The last piece of the puzzle is that there seems to be a growing tendency to
recommend using 421 actions for some RBLs, as recent Postfix versions (2.3+,
I think) treat 421 (closing channel) actions quite literally: the server
process does just that, it closes the channel, disconnecting without waiting
for the client to issue a QUIT, freeing up the smtpd process for a new,
hopefully legit, incoming connection.

Here's what I'm thinking:
Why not use 421 across the board in policyd-weight?

my regards,
Riaan


Re: 4xx or 5xx: just a matter of taste?

2007-09-20 Thread Steve

 Original-Nachricht 
 Datum: Thu, 20 Sep 2007 19:10:31 +0100
 Von: Riaan Kok [EMAIL PROTECTED]
 An: policyd-weight-list@ek-muc.de
 Betreff: 4xx or 5xx: just a matter of taste?
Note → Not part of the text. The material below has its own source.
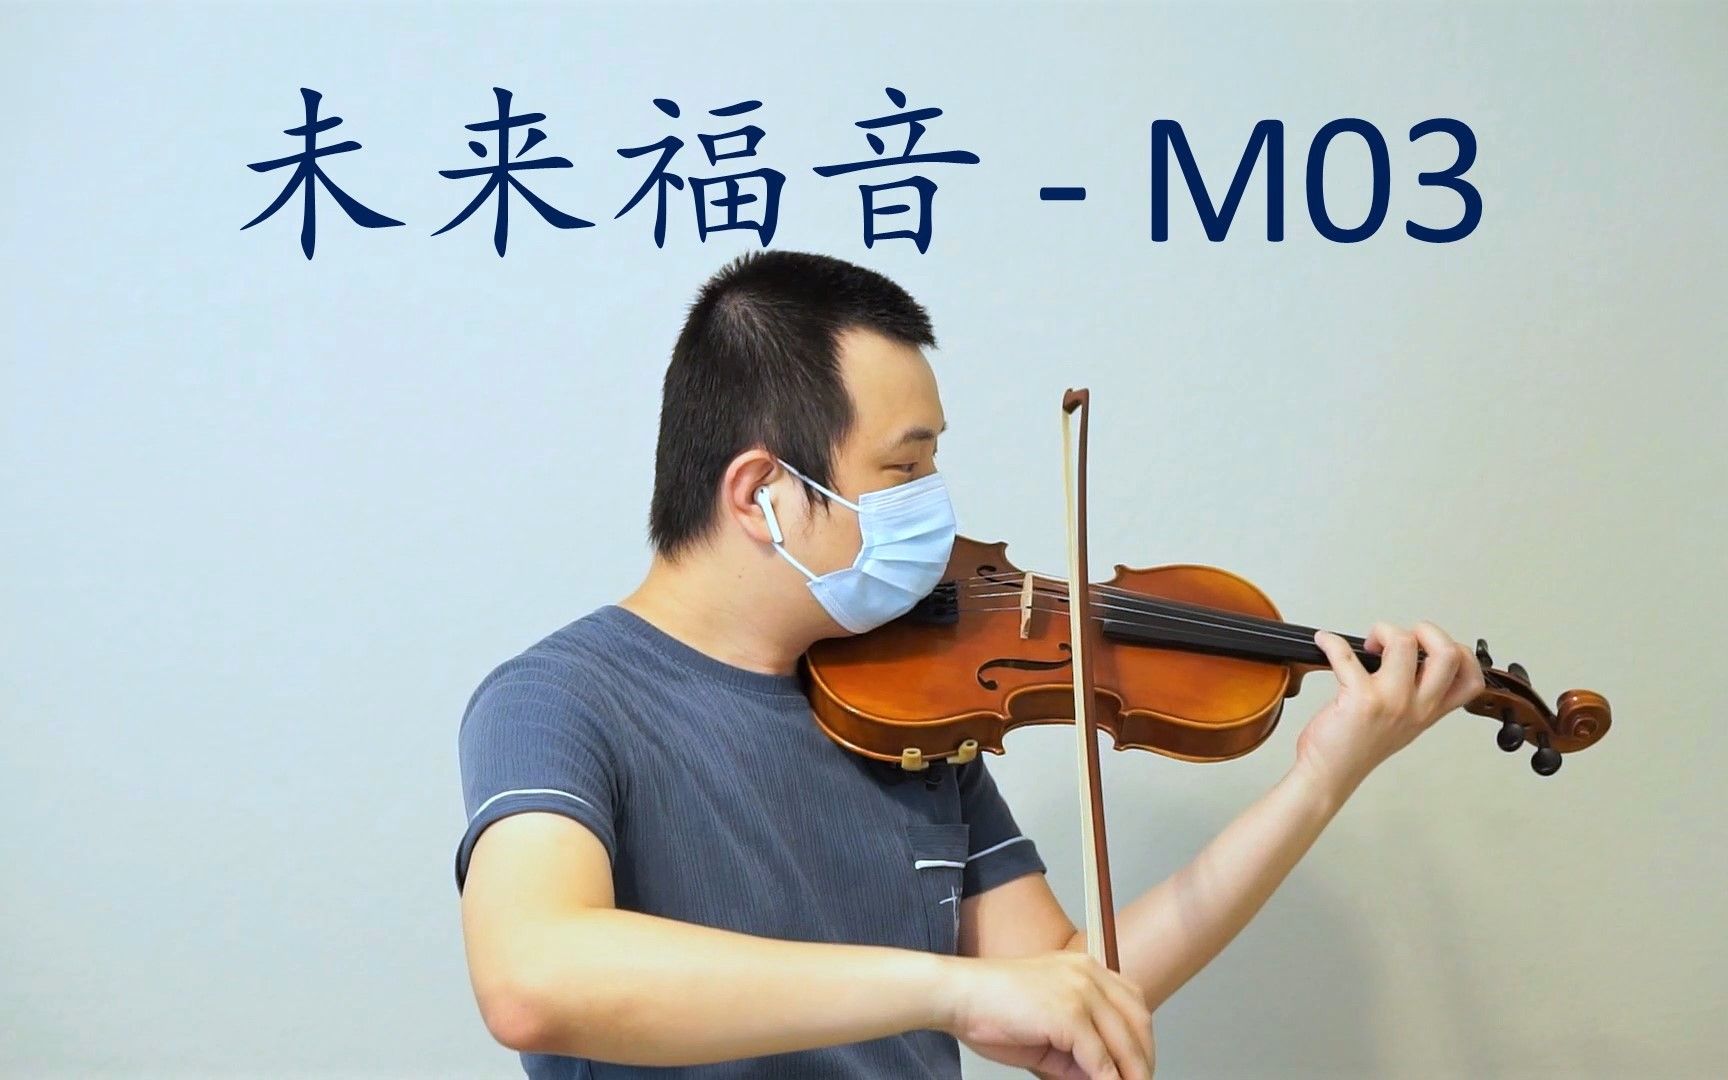 【小提琴】未来福音 - M03 - 空之境界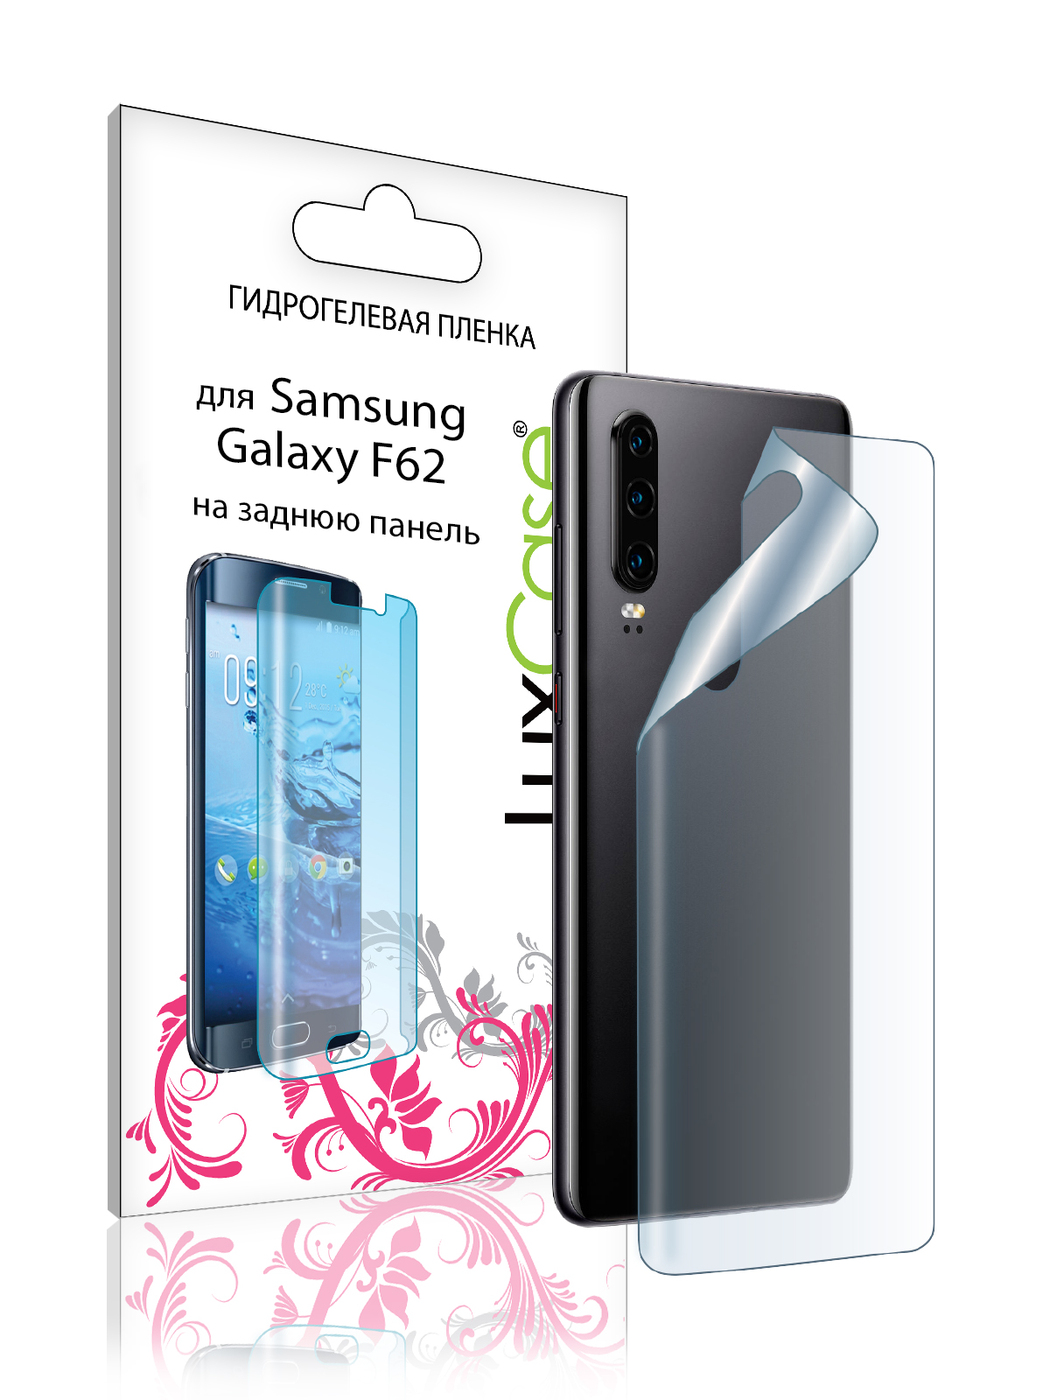 Пленка на заднюю панель LuxCase для Samsung Galaxy F62 0.14mm Transparent 86178 пленка на заднюю панель luxcase для samsung galaxy f62 0 14mm transparent 86178

 (starting a new thread as this is a bit of a heavy post, and doesn't quite
 belong under the previous question/subject)
 
 On 19/09/2007, Robert Felber [EMAIL PROTECTED] wrote:
 
  On Wed, Sep 19, 2007 at 09:56:48AM +0100, Riaan Kok wrote:
  What's the thinking behind choosing between 450s and 550s in
  policyd-weight?
 
  Be more specific?
 
 
 It seems to me that in policyd-weight, by default, 450s are used for
 clients
 with DNS errors or client connections with a lowish score (and stuff
 shortcircuited in the DEFER_STRING), and 550s then for everything else:
 high
 scoring clients, multi-RBL-listed clients, etc.
 
 I'm not sure that I understand the reasoning that has gone before here
 (especially, why being listed in spamcop (IN_SPAMCOP)  or having a bogus
 mx
 record would shortcircuit the default reject to the defer_action?).
 
 
 Anyway, my understanding of 4xx versus 5xx is this: a 4xx (defer) from an
 MTA means go-away-and-try-again-later (keeping the responsibility with the
 client), and a 5xx pretty much means go-away-and-notify-the-sender
 (shifting
 the responsibility to the sender).
 
 By far the most of the messages that gets rejected by policyd-weight in
 sheer numbers seems to be by hardcore listed spamfountains, and it doesn't
 really matter how you reject the msg as long as you don't allow it!  Also,
 these clients will just keep on inventing new messages and senders so it
 doesn't matter whether you defer or reject, they will sit there and hog
 your
 smtpd processes and try and try again.  In the worst case, 5xx rejects on
 these will create scatter to faked senders.
 
 The remaining percentage of rejected messages will be from
 poorly-configured-yet-well-meaning clients, where the SENDER is either an
 uncaring webmailer or server daemon, or a clueless human with no idea or
 control over the reason for the reject..  And the most reliable way of
 notifying the administrator of the offending client (rather than the
 clueless sender) seems to me to be: letting a queue grow on his/her server
 by issuing 4xx defers!  Which will allow all non-expired messages to be
 delivered anyway as soon he/she gets around to fixing the client's problem
 (RBL/HELO/etc).
 
 Soo, I'm not quite sure in what scenario one would ever want to use a 5xx
 reject for policy stuff.
 
 The last piece of the puzzle is that there seems to be a growing tendency
 to
 recommend using 421 actions for some RBLs, as recent Postfix versions
 (2.3+,
 I think) treat 421 (closing channel) actions quite literally: the server
 process does just that, it closes the channel, disconnecting without
 waiting
 for the client to issue a QUIT, freeing up the smtpd process for a new,
 hopefully legit, incoming connection.
 
 Here's what I'm thinking:
 Why not use 421 across the board in policyd-weight?
 
421 would be good for all using Postfix = 2.3.0.